LMQL (Language Model Query Language) is a high-level query language designed specifically for working with large language models such as OpenAI GPT or other LLM backends. Instead of managing long prompts, ad‑hoc templates, and scattered post-processing logic, developers can define structured queries that combine natural language prompts with programming constructs, constraints, and control flow in a single place. LMQL brings familiar ideas from traditional query and programming languages—like variables, filters, scoring, and modular composition—into the LLM world. With LMQL, you can specify what the model should produce, how it should behave, and which constraints it must obey, all inside one concise script. The runtime takes care of prompt construction, token streaming, partial validation, and efficient interaction with the underlying model API. This makes LLM applications easier to debug, test, version, and reuse across projects. LMQL fits naturally into modern development workflows: you can embed queries in Python, integrate them into existing backends, and combine them with external tools, APIs, and data sources. Whether you are building complex agents, structured data extractors, code assistants, or evaluation pipelines, LMQL helps you move from ad‑hoc prompting to robust, maintainable, and testable LLM programs, while keeping full control over latency, cost, and output quality.

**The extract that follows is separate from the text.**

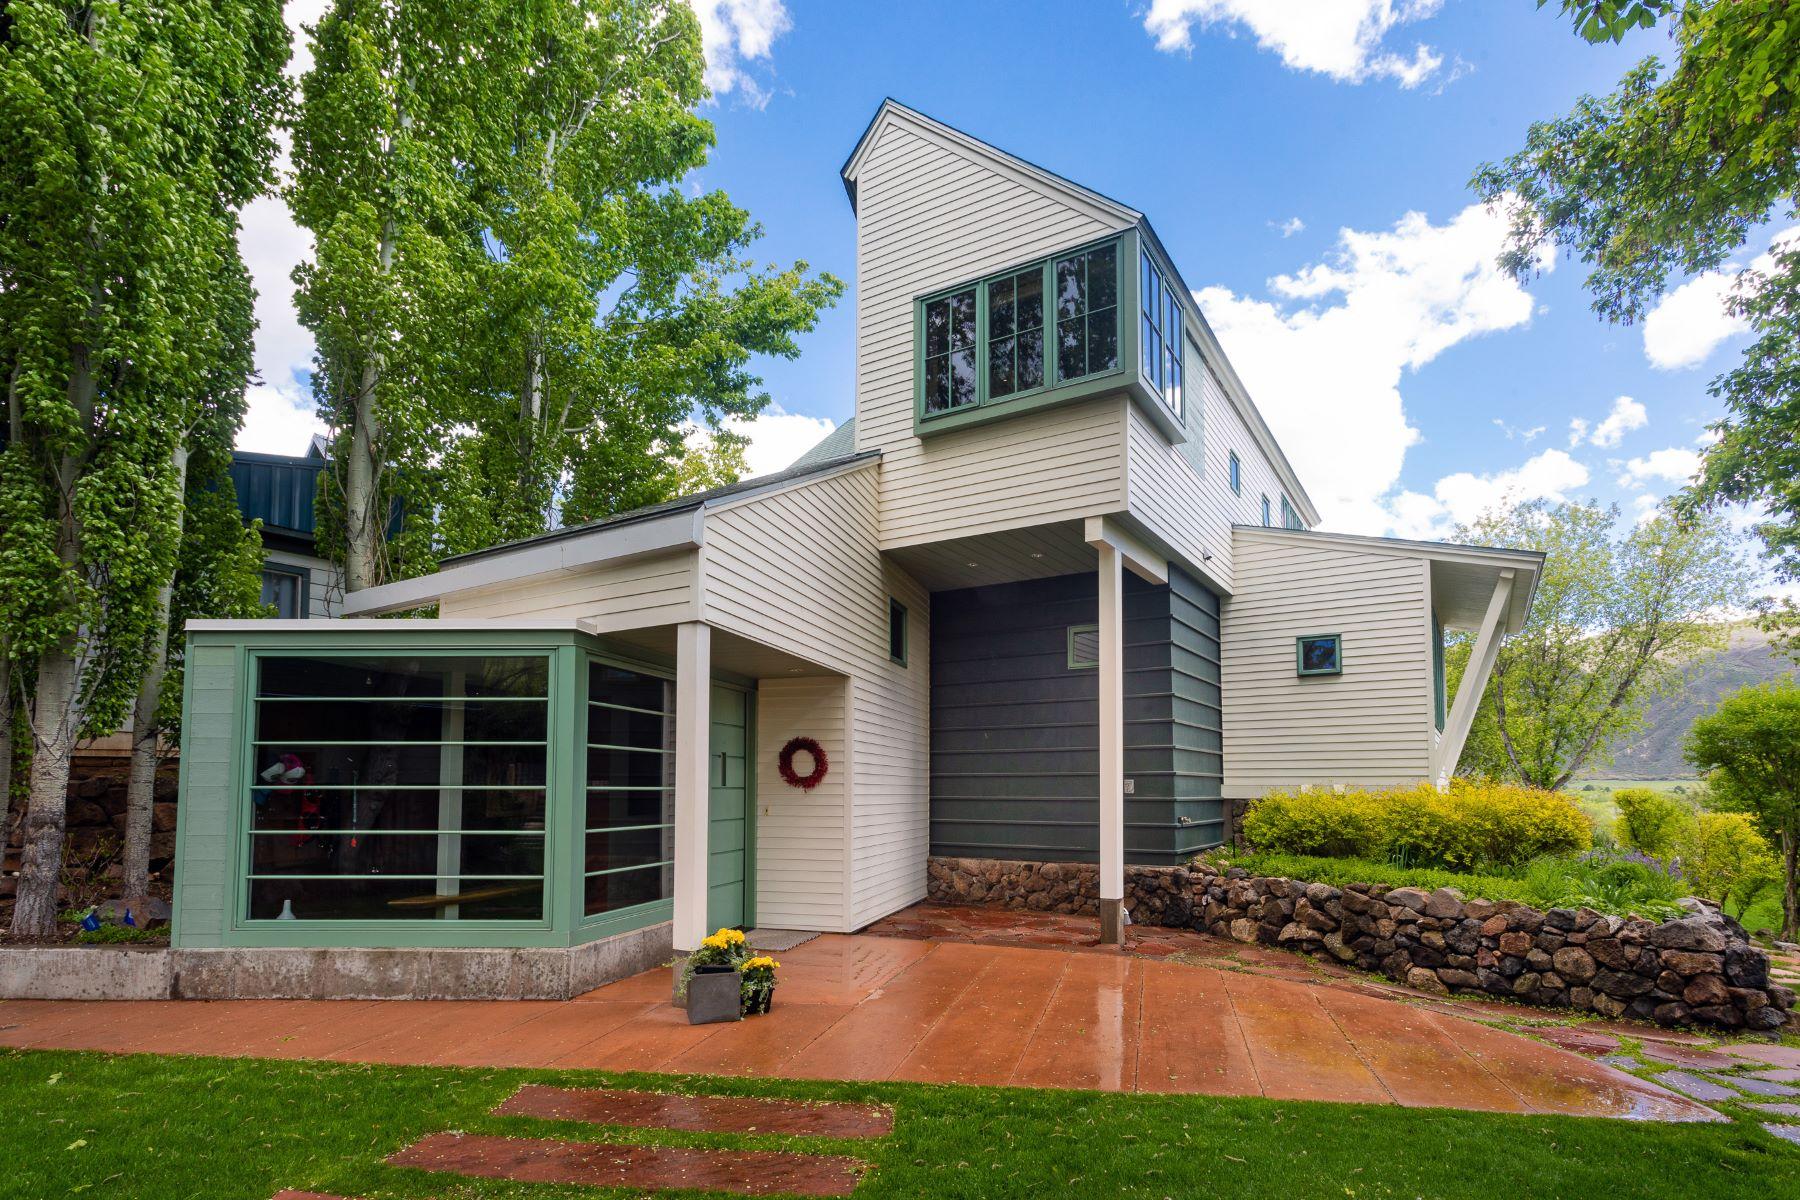 Single Family Homes for Sale at 313 & 315 E Sopris Drive Basalt, Colorado 81621 United States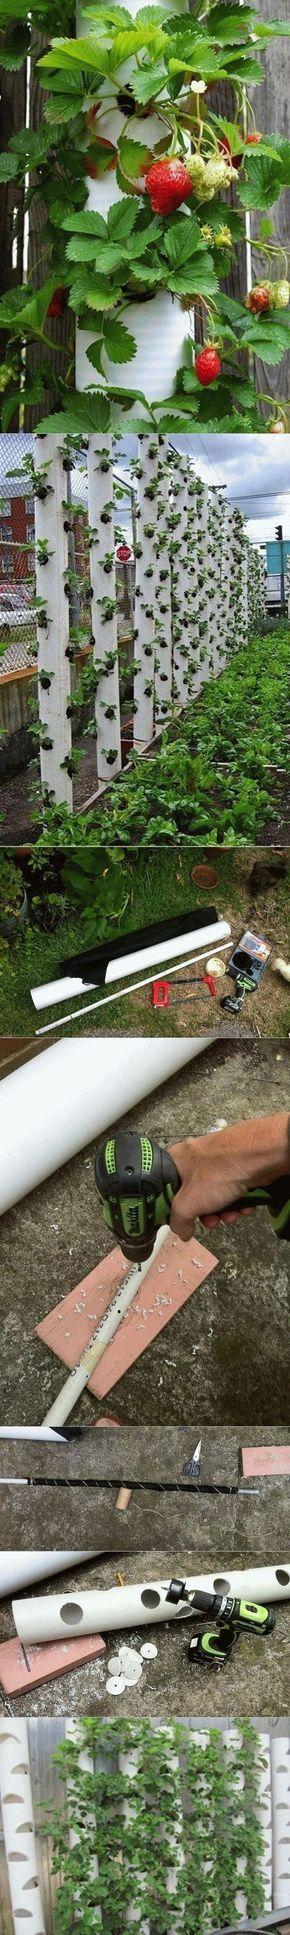 DIY vertical strawberry garden using PVC pipe

Build robust conversational agents where dialog flows, constraints, and tool calls are defined in clear LMQL scripts instead of fragile prompt chains.
Implement structured information extraction from unstructured text, enforcing formats like JSON, SQL, or domain-specific schemas at generation time.
Create LLM-powered code assistants that combine natural-language instructions with programmatic checks, testing, and repository context.
Design evaluation and red-teaming pipelines that query models with consistent prompts, capture intermediate reasoning, and enforce safety filters.
Prototype and iterate on complex LLM workflows quickly, while keeping the full history of prompt and logic changes under version control.